» **DATA PROVIDED**
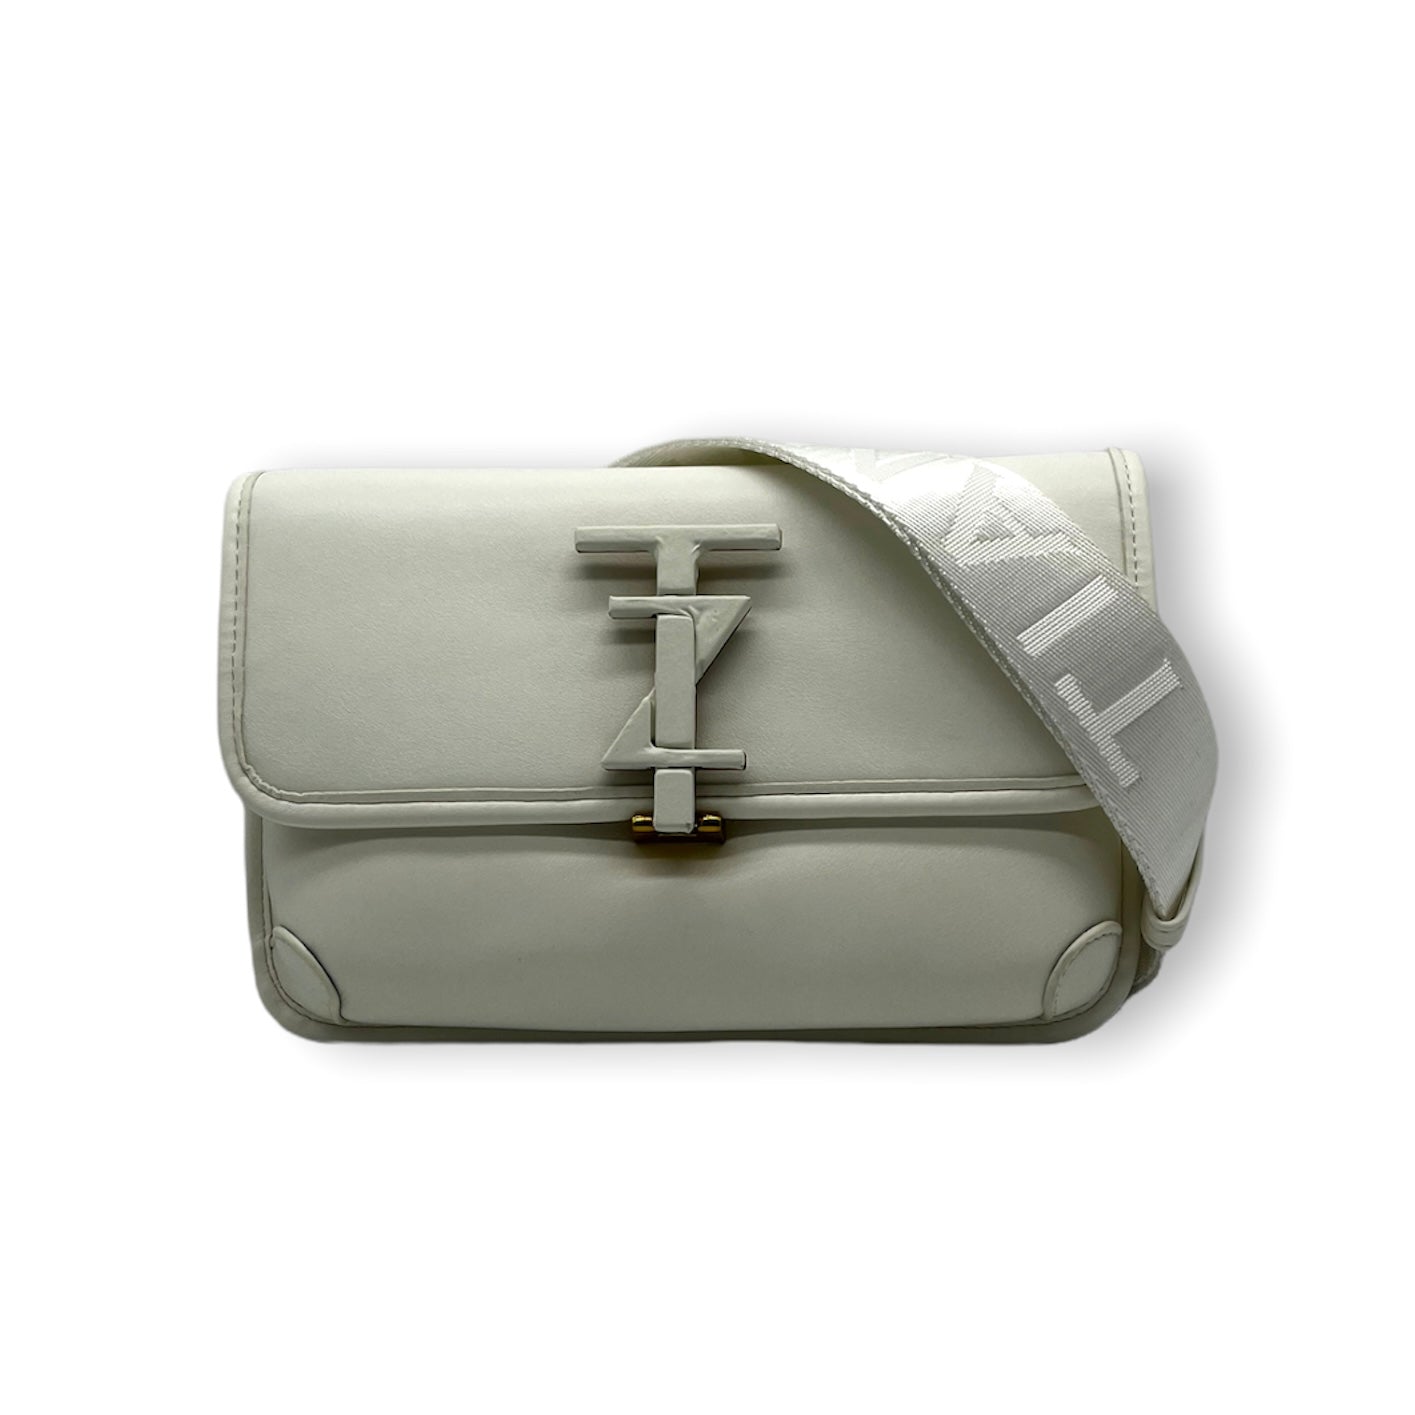 TAFARI leather chest bag and Beltpack- Ivory
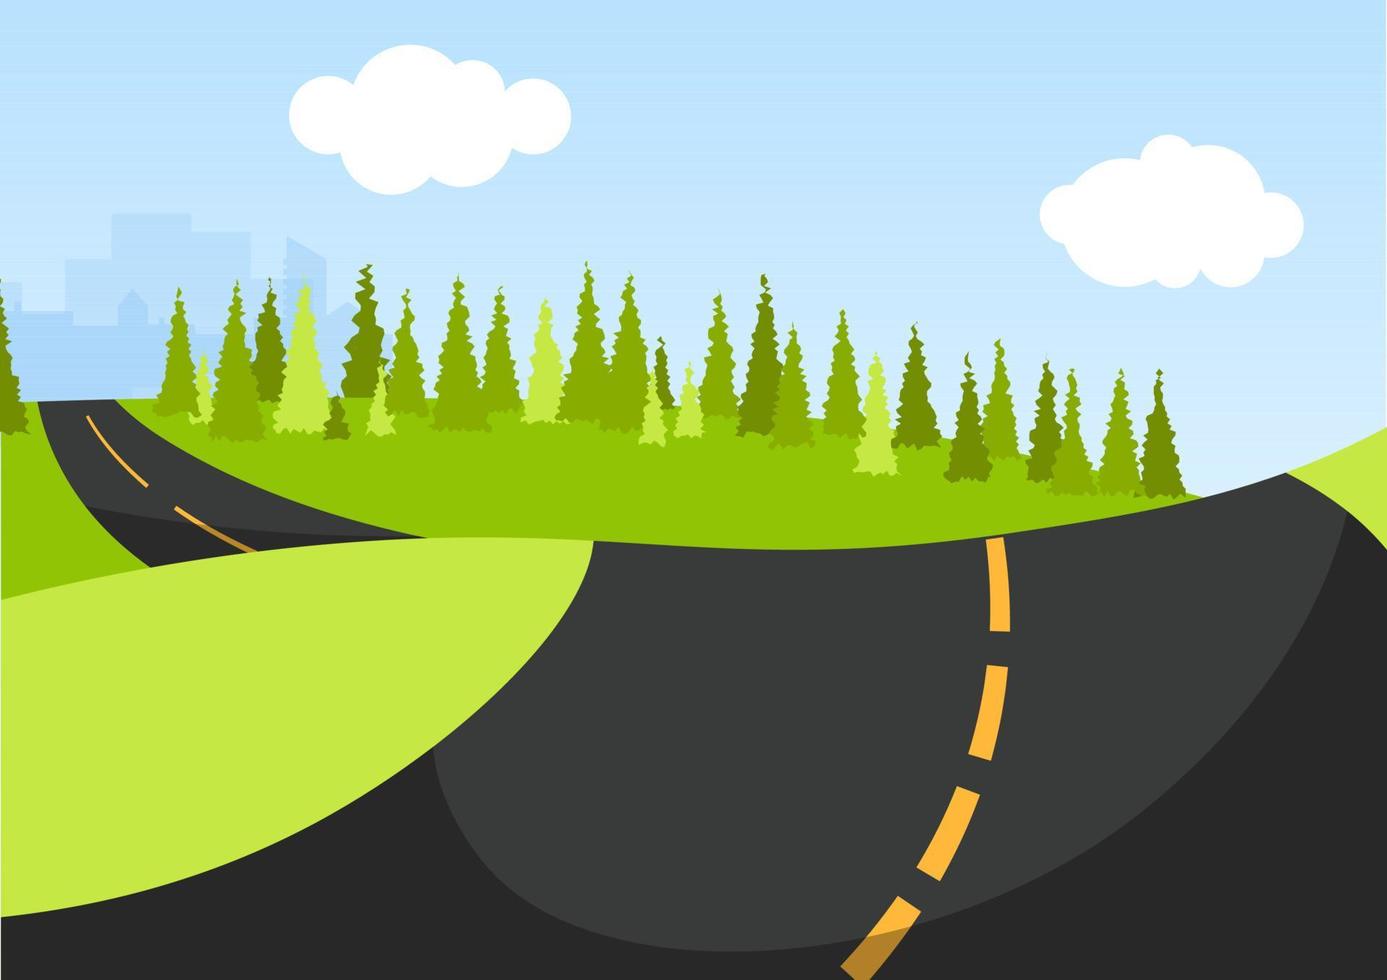 Road in perspective with a forest in the background vector
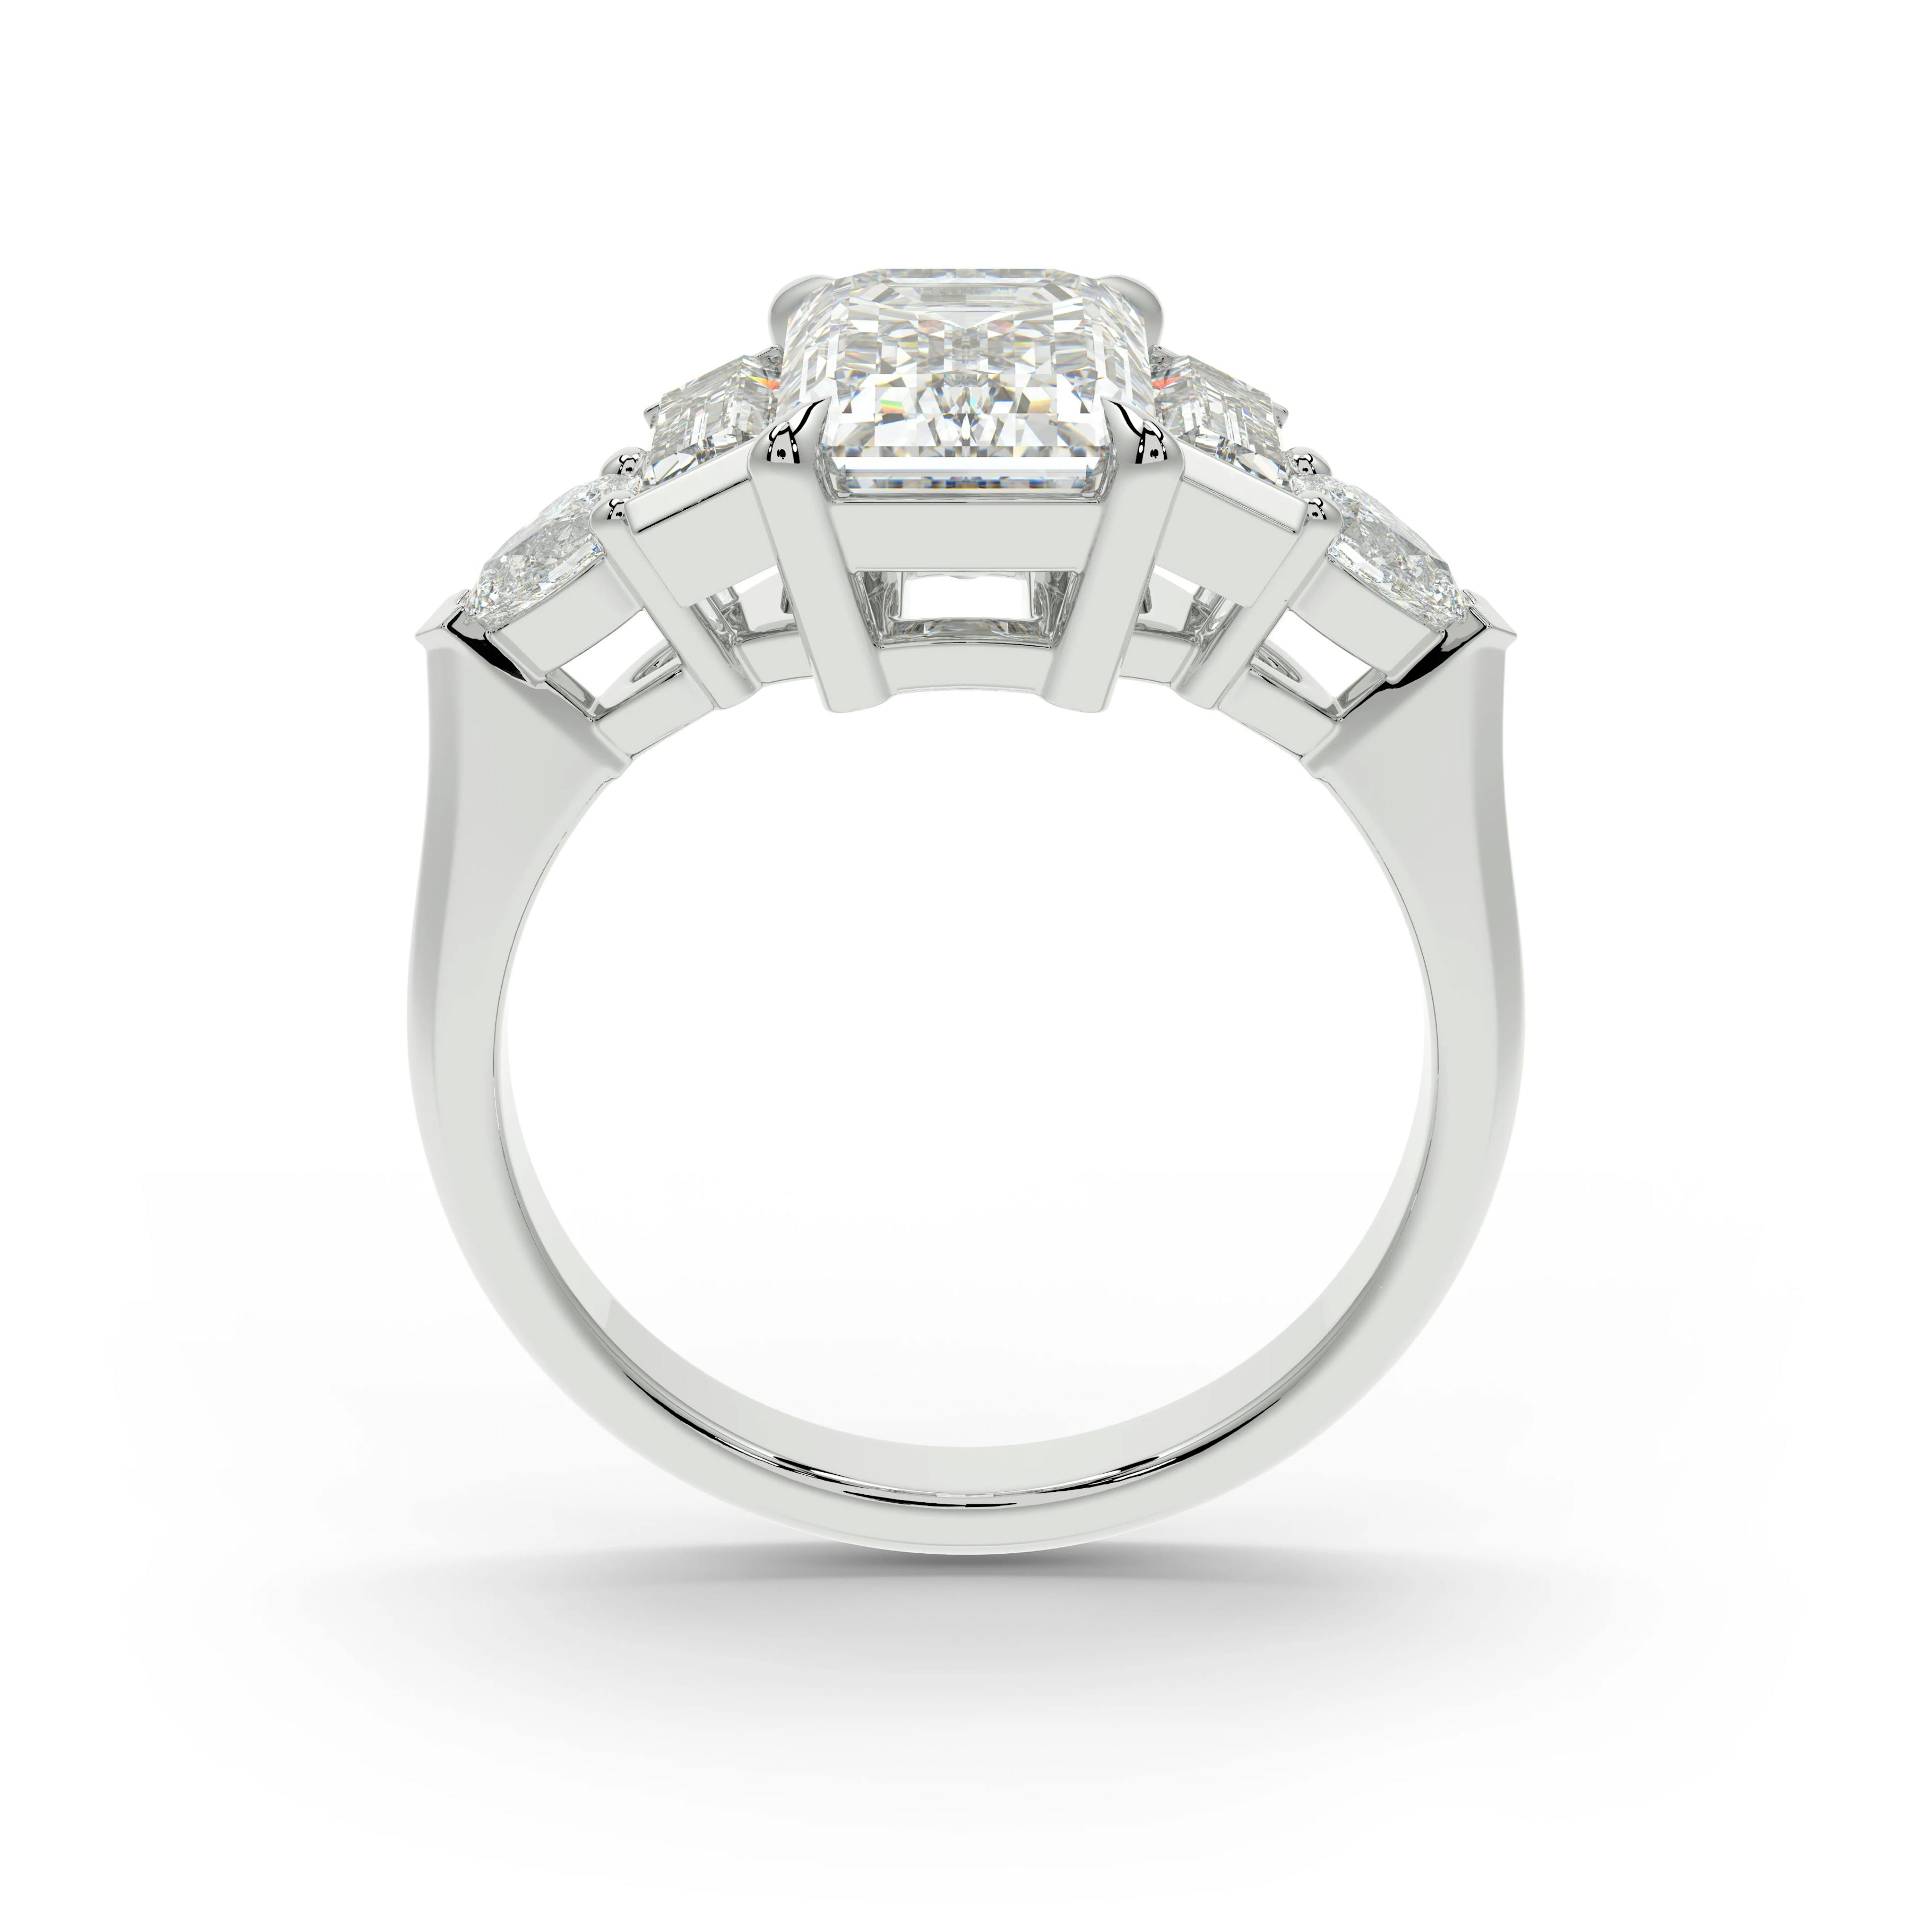 Rendered image of a 5 stone diamond ring in White Gold

» **AIM OF THE TASK**
In copying the material, drop all pictures and keep everything else identical.

» **SOLUTION FOR THIS EXERCISE**
 TAFARI leather chest bag and Beltpack- Ivory
 Road in perspective with a forest in the background vector
 Rendered image of a 5 stone diamond ring in White Gold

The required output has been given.